The Guyana Prize for Literature has quite a lot to celebrate

Dear Editor,

The Management Committee of the Guyana Prize for Literature has occasionally released information about the Prize and its activities.  The release of this information has always included, as a main strategy, paid advertisements in the press.  However, releases were also dispatched and, as the major literary event in the country, there might have been an expectation that the Prize would attract more than passing notice in the media.  This has not been the case.

Moreover, what generates controversy or blame is usually much more newsworthy than what reports accomplishment or benefit.  Despite releasing these to the public, therefore, it is still up to us to highlight those elements of the Guyana Prize that may be considered successes or positive contributions.  These have generally not been treated and have been overshadowed by the attention paid to controversial or negative matter.

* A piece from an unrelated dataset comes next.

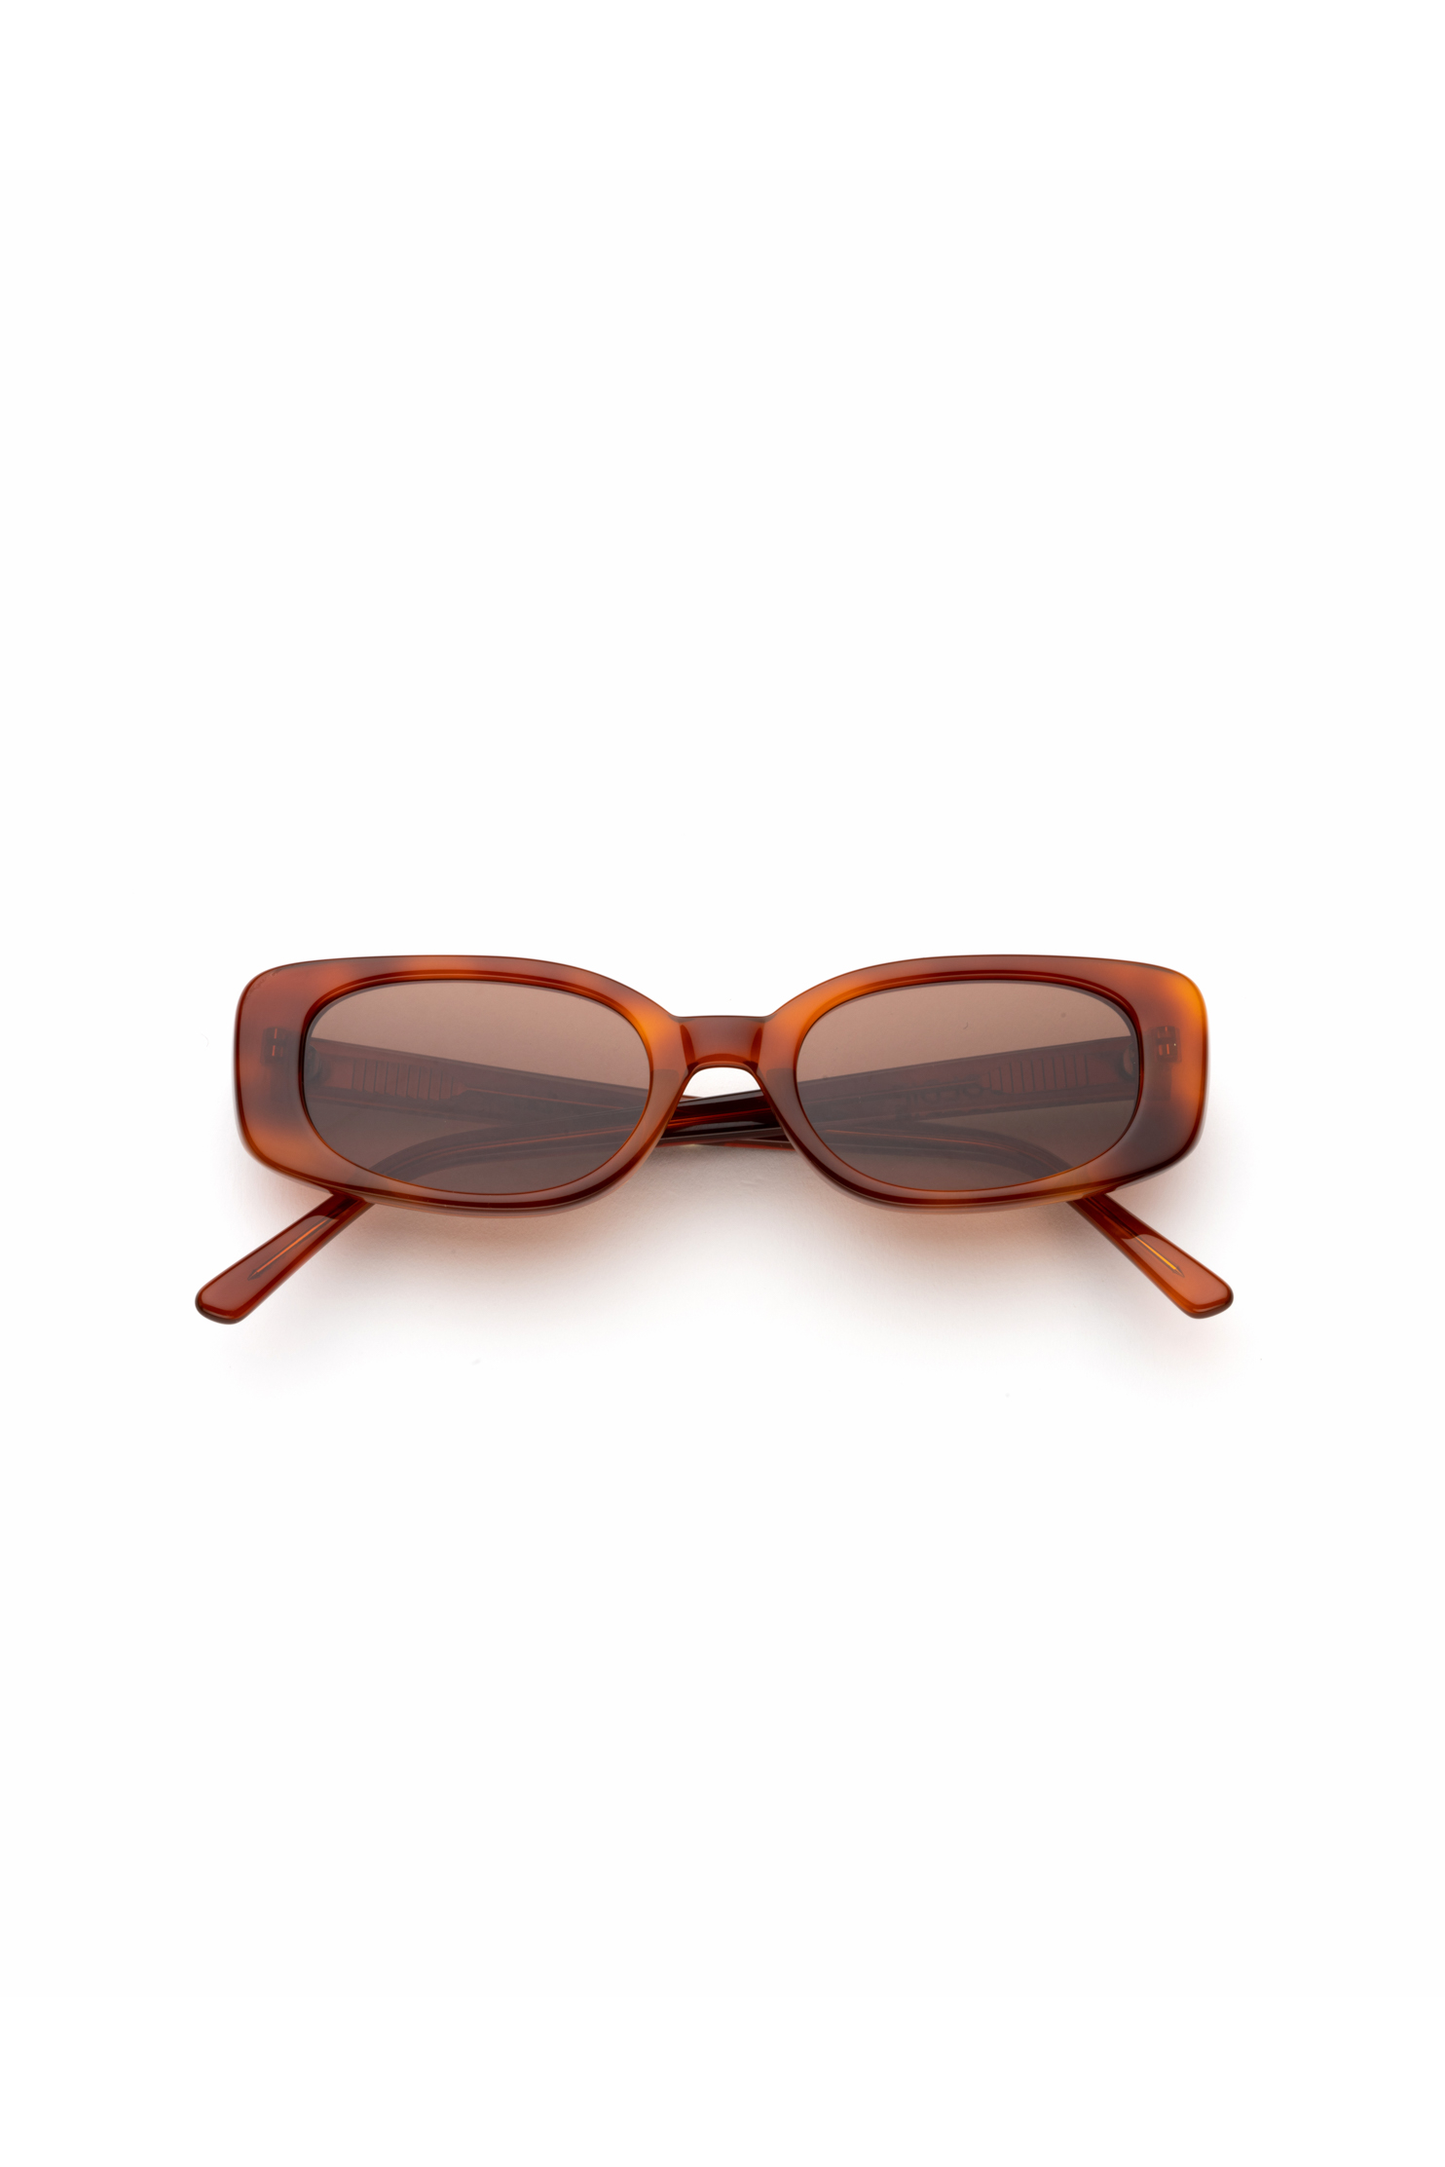 Solene - Chestnut Sunglasses

Among the highlights of the Guyana Prize activities since 2011, has been the increased emphasis on training and development.  Specifically, a series of writers’ workshops and training sessions have been held to assist local writers and aspirants to better understand the craft and improve their work. This was a response to a need for a greater developmental input so that there is not only reward for good writing, but efforts to assist the production of good writing in a local situation where there is not much help.

We regard this series of training sessions a success.  They have included sessions held by leading international writers.  Among these were Pauline Melville, Janice Lowe Shinebourne, Gaiutra Bahadur, Mark McWatt, John Agard and Grace Nichols. In 2011 experts who came to Guyana for the Guyana Prize Caribbean Award were utilised.   Sessions were held by Stewart Brown, Myriam Chancy and Mark McWatt.  In addition, not only writers, but teachers of drama and literature were targeted when members of the Caribbean Prize Jury, Rawle Gibbons and Prof Funso Aiyejina held a workshop on the UG Berbice Campus at Tain, Corentyne.

In addition to those, an extended Playwriting class has just ended in which some of the classes were conducted by celebrated writer Prof David Dabydeen and Lori Shelbourn of the University of Leeds in the UK.  This class was sponsored by the Guyana Prize and held in collaboration with the Department of Language and Cultural Studies at UG and the National School of Drama.

This represented an unprecedented and most concentrated focus in the training of writers over a two-year period by the Guyana Prize.  It was made possible because the funds received for the Prize included provisions for workshops conducted by both locally based and international writers and experts who also gave public lectures.

Coinciding with the life of the Prize has been a forward leap in Guyanese literature with a multiplicity of new writers and work that increased in geometric proportions.  Most of this has taken place overseas among Guyanese writers mostly in the UK, Canada and the USA.  But the Prize can claim to have contributed to that significantly, having played a role in many of them coming to prominence.

The Commonwealth Writers Prize was developed when the Commonwealth Foundation thought more and more writers were developing in various Common-wealth countries and the Prize could give them more exposure and bring Common-wealth writing more to the world’s attention.  Since then this writing has grown to be among the world leaders in contemporary literature.  The case of the Guyana Prize and Guyanese literature is similar.  The Prize shared those objectives and has seen similar results.

Where locally based writers are concerned, many of them have developed over a period of entering work in the Guyana Prize to be of international stature.  Some have left the country for residence overseas after having won the Prize at home. Others have won the Prize with unpublished manuscripts which they have since published.  Those have then been added to the corpus of Guyanese literature.  Over the life of the Prize there has been some advance in local literature.

The activities of the Guyana Prize in 2012 to 2013 therefore have quite a lot to celebrate, and there is a need to state it for the records.